Women on the frontline

By Joy Macready

WOMEN continue to face fierce austerity attacks on welfare, jobs, trade union rights, education, healthcare and childcare. Shouldering the double burden of unpaid domestic and waged labour, it is left to women to pick up the pieces when the social fabric is destroyed through cuts.

They make up the majority of workers in part-time, precarious, non-unionised and low paid jobs.

When forced to flee from the horrors of war in Syria, Afghanistan, Iraq and many African countries, women face physical assault, exploitation and sexual harassment on their journey as refugees through Europe.

Women face brutal physical attacks, as shown by the horrific murders of Jyoti Singh, a young Indian medical student in Delhi in late 2012, and more recently the young Kurdish woman, Özgecan Aslan in southeastern Turkey in early 2015.

In addition, as reactionary right-wing politics gain ground across the world, those who do have access to contraception and abortion find these under renewed attack from religious bigots of all stripes. In the USA, 162 abortion clinics have closed since 2011 due to new laws that restrict family planning centres, with only 21 opening up. Abortion clinics are threatened by gun attacks, such as the Colorado Springs Planned Parenthood shootings in November.

The Zika virus epidemic lays bare the hypocrisy. Brazilian health authorities warned women to avoid pregnancy in a country where access to contraception is limited and abortion is illegal, except in extreme circumstances. In Chile, Nicaragua, El Salvador and the Dominican Republic, abortion is illegal under any circumstances.

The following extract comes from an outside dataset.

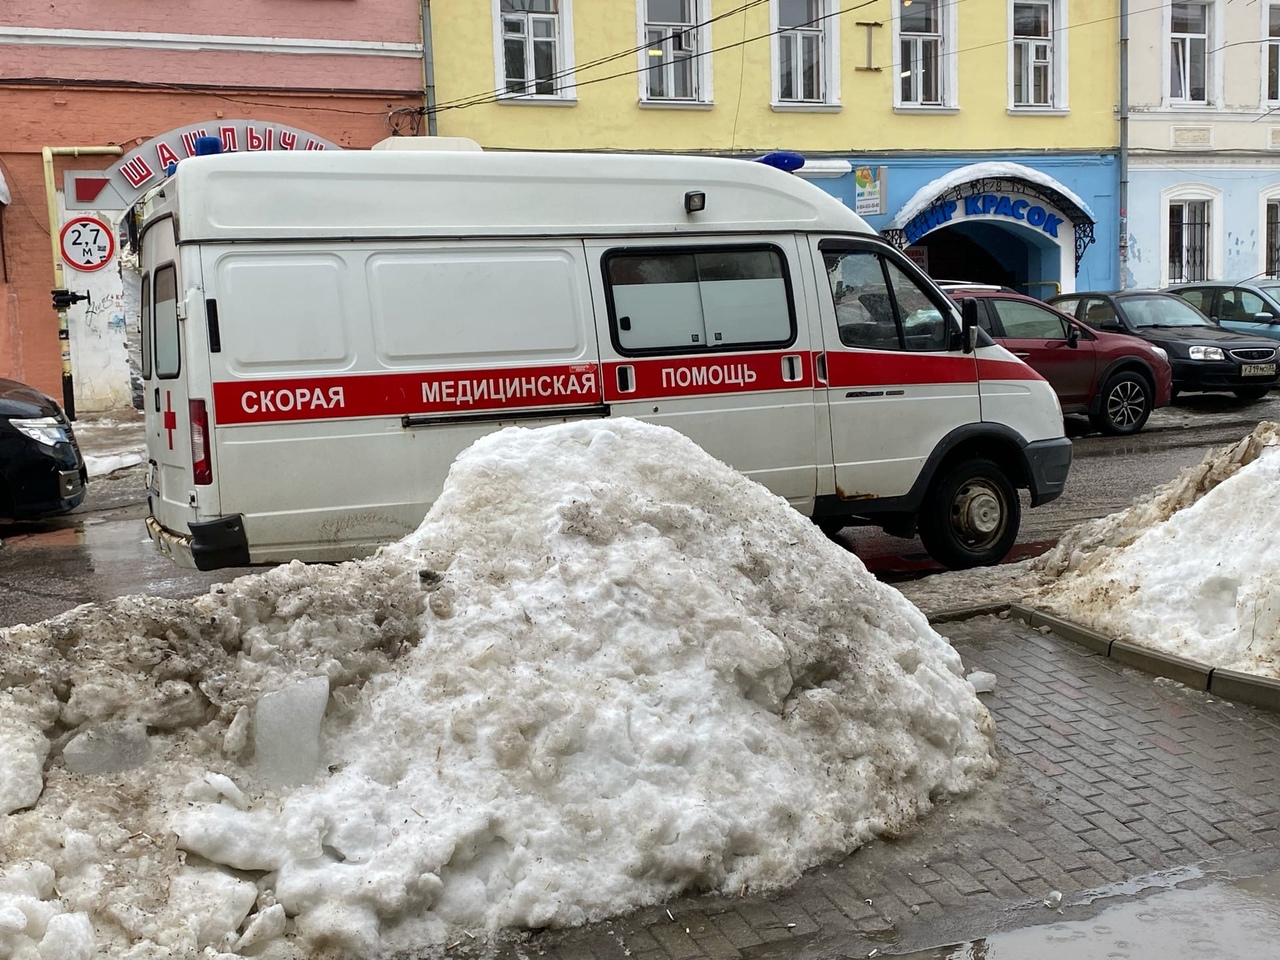 55-летний медик скорой помощи из Владимира свел счеты с жизнью в храме в центре Москвы

But women are organising and fighting back. Jyoti’s violent killing mobilised millions on the streets across India, who battled with police and forced the Indian government into action. After Özgecan’s death, thousands of women across Turkey took to the streets, with the slogan “We aren’t mourning, we’re rebelling!”.

In Ireland, women started tweeting details of their periods to the Taoiseach as part of a campaign to repeal the act that criminalises abortion. ROSA (for Reproductive rights, against Oppression, Sexism and Austerity), a grassroots organisation, has deployed an “abortion bus” to tour major cities, informing women where and how they could obtain abortion pills – risking 14 years in prison.

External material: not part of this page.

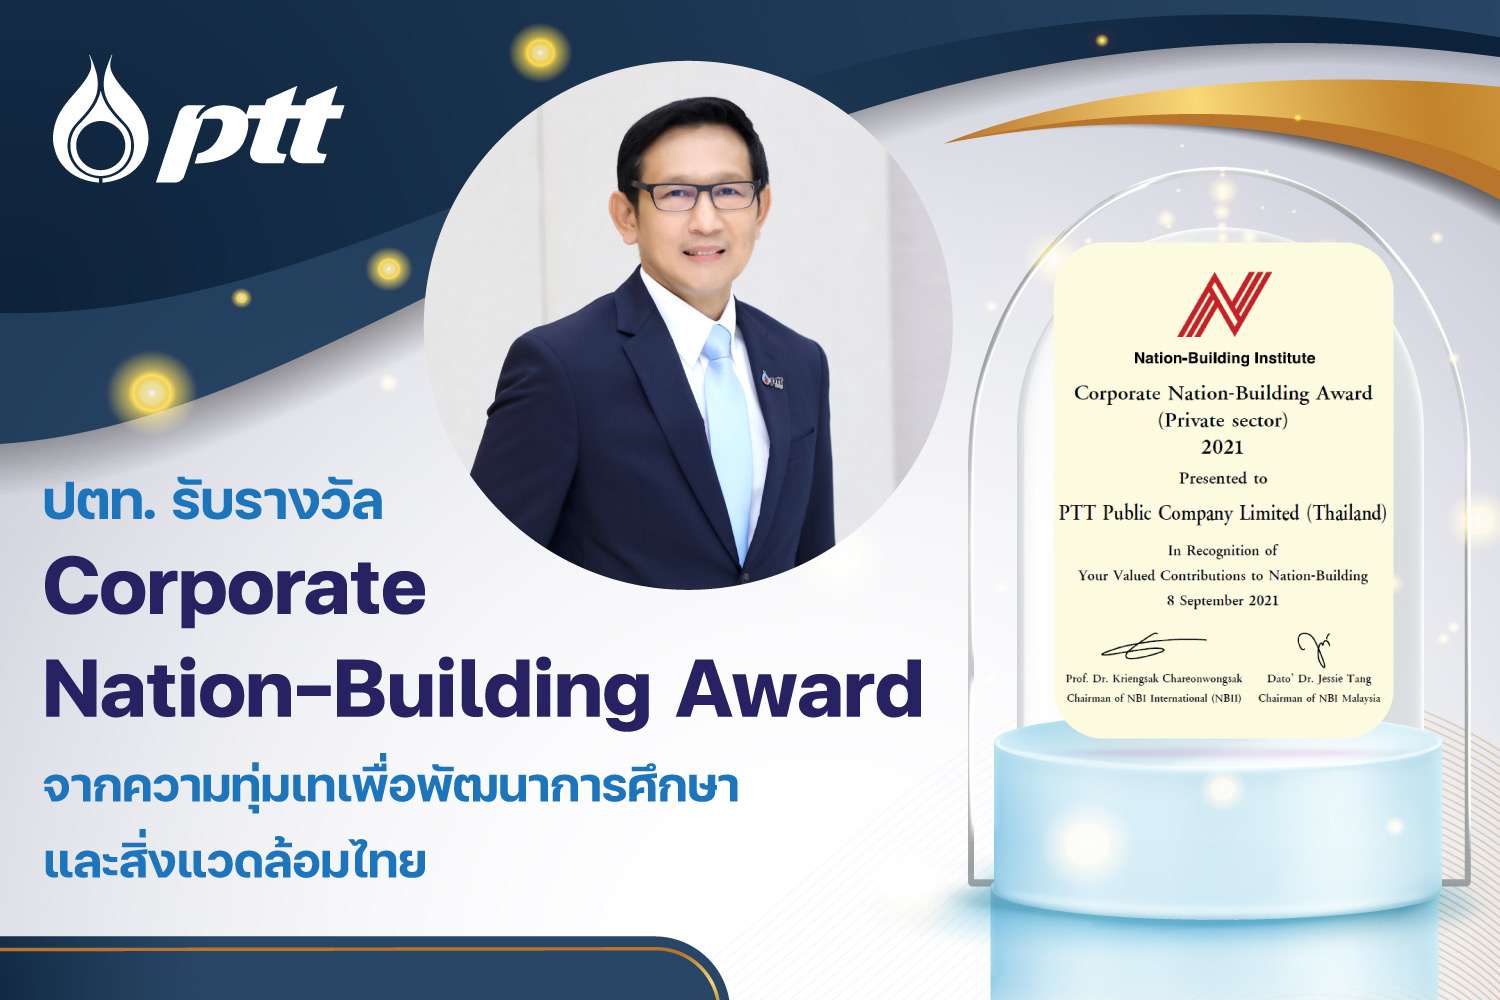 ปตท. รับรางวัลระดับสากล “Corporate Nation-Building Award” จากความทุ่มเทเพื่อพัฒนาการศึกษาและสิ่งแวดล้อมไทย

Black women in the USA have been at the forefront of the #BlackLivesMatter movement and Fight for $15 campaign, the latter promising a renewal of the beleaguered US labour movement. Activists from the former have been organising marches, die-ins, protests, and otherwise leading various responses to police brutality; they launched #SayHerName in May to expose police brutality and violence against black women.

In southern India, tea plantation workers have demanded better wages, improved welfare provisions and an end to the corrupt alliance between the trade union leaders and plantation companies. A strike wave began in Munnar in September, with 12,000 Dalit, or “lower caste” Tamil women workers winning their demands, which sparked another 300,000 workers to take action. More than 300 women workers at the Ambanad estate of Travancore Rubber and Tea Company started their strike by holding its manager hostage.

No round up of women in struggle over the past year would be complete without highlighting the courageous Rojava fighters, the YPJ (Women’s Defence Units), who are on the front line against Islamic State (ISIS) militants in Syria. They are fighting for their communities, their future and their liberation.

The current anger and mobilisations seen around the world should be the starting point for a strong international women’s movement that fights against our structural oppression. A new women’s movement must, from the outset, be part of the labour movement, as a working class women’s movement.